- Task instructions
Which lines belong in the answer? Exactly those from the line containing "skeletor vs darth" through the last line of the records below, repeated as written.

--

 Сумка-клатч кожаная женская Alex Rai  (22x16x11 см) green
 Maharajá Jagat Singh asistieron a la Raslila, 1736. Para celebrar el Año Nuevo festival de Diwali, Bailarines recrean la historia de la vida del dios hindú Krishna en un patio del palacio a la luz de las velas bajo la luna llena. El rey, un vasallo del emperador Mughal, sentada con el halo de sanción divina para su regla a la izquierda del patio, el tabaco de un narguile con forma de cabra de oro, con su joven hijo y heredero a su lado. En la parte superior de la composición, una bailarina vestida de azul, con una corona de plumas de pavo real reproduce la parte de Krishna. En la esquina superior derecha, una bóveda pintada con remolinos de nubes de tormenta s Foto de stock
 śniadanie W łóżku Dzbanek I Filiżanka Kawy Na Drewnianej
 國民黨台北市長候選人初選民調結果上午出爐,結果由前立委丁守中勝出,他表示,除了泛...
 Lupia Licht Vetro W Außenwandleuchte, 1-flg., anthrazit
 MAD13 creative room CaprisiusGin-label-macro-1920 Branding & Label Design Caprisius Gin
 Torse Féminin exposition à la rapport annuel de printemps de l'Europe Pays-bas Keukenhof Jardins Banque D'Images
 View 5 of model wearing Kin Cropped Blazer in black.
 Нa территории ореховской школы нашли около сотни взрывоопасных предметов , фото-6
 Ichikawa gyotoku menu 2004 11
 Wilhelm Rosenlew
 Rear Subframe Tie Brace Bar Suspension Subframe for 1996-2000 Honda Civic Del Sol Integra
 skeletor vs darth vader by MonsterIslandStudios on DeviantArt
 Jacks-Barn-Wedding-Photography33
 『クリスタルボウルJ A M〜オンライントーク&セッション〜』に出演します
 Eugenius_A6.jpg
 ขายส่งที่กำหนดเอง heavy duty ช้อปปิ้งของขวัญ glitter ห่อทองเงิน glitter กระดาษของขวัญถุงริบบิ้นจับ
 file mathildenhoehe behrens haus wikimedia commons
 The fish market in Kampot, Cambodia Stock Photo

--

- Answer for this exercise
 skeletor vs darth vader by MonsterIslandStudios on DeviantArt
 Jacks-Barn-Wedding-Photography33
 『クリスタルボウルJ A M〜オンライントーク&セッション〜』に出演します
 Eugenius_A6.jpg
 ขายส่งที่กำหนดเอง heavy duty ช้อปปิ้งของขวัญ glitter ห่อทองเงิน glitter กระดาษของขวัญถุงริบบิ้นจับ
 file mathildenhoehe behrens haus wikimedia commons
 The fish market in Kampot, Cambodia Stock Photo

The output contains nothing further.